SAN JOSE, Calif. -- How difficult is it to win a game when you fail to score on not just one 5-on-3 power play, but two?

"It's impossible," Daniel Sedin told NHL.com.

The Canucks came close Friday night -- but by not scoring on back-to-back 5-on-3s in the latter stages of the second period they wasted two golden chances to make a comeback.

Their power play finally did get going in the third, when they scored twice after Jamie McGinn's five-minute boarding major, but Vancouver was already getting blitzed in the special-teams game, so those goals mattered only as window dressing on the scoreboard, which read 4-3 in favor of the Sharks at the final horn.

San Jose scored on three of its whopping 10 power plays, including the game-winner of Dan Boyle's stick on, you guessed it, a 5-on-3 in the third period. The Canucks scored on two of their seven power plays, but it was their failures on the first four that did them in.

Usually in the playoffs when you lose the special-teams game, well, you lose the game.

"That was our chance to come back in the game, I thought," Daniel Sedin said in regards to the failed 5-on-3s. "They blocked a lot shots. I thought we played it pretty good, but they blocked a lot of shots so we need to maybe hold on to the puck even more and move it around, but we got the shots we wanted. They just didn't make it to the net."

The Canucks had three shots during the 5-on-3s, but Alexandre Burrows missed the net on a shot and Sami Salo had three attempts from the point blocked -- two by Douglas Murray and one by Joe Pavelski.

When the Sharks got their 5-on-3 after Ryan Kesler and Burrows were called for separate tripping minors 25 seconds apart, they worked the puck around the zone and eventually cashed in when Boyle's low shot from inside the left point went through Roberto Luongo's five-hole 6:46 into the third.

"I just really saw Patty (Marleau) and Boiler just kind of work it back and forth," said Sharks captain Joe Thornton, who had assists on three of the four goals. "Boiler had a good shot earlier. Hit the crossbar. Patty just laid a perfect pass over and Boiler got all of it."

The goal lifted San Jose to a 4-1 lead. It came roughly 5 ½ minutes after Burrows scored to make it 3-1.

"They were tough to take for sure because we were feeling good about ourselves and we were going good," Henrik Sedin said.

But they weren't going good on the power play or the penalty kill.
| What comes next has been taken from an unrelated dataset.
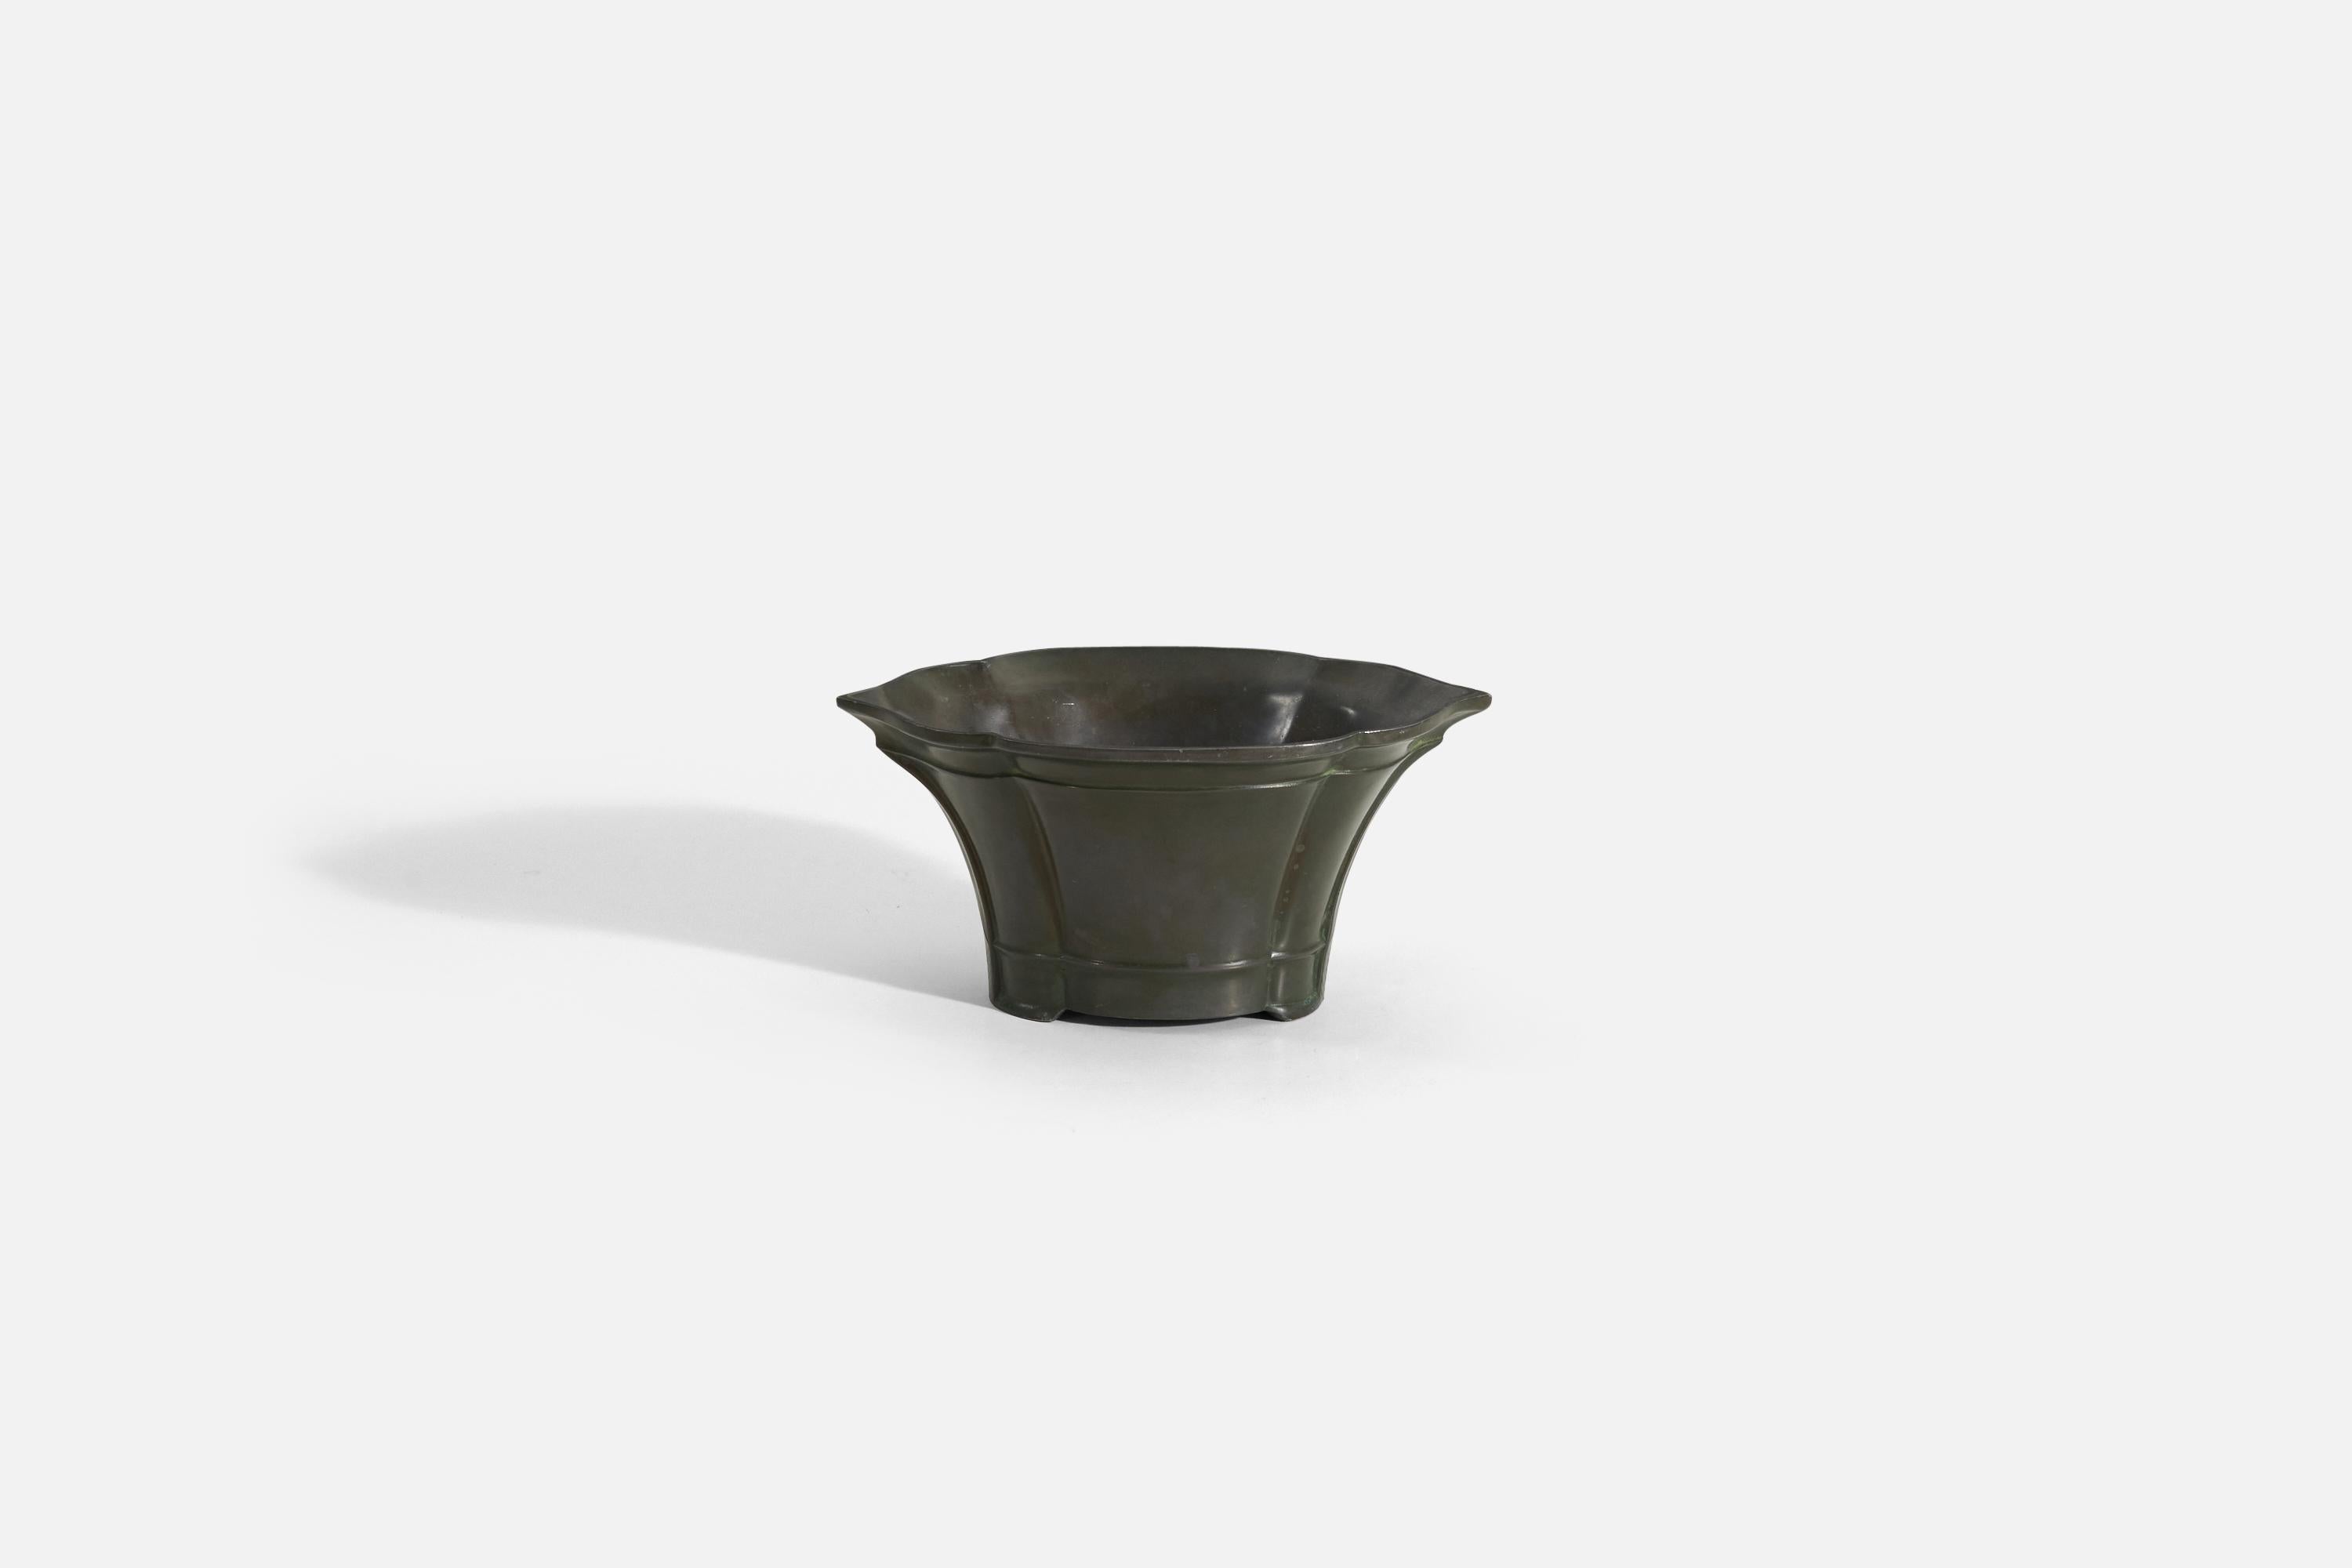 An alloy Disko Metal low vase / bowl by Just Andersen, Denmark. Base marked

That came later in the game -- too late.

"If you look at it 5-on-5 we were playing well, but if you give these guys the chances we gave them tonight they're going to score," Henrik Sedin said. "Early on the momentum can shift either way if you kill the first one off, or the four-minute one, if we kill that off, we got all the momentum in the world. They scored twice and that usually doesn't happen with this PK group."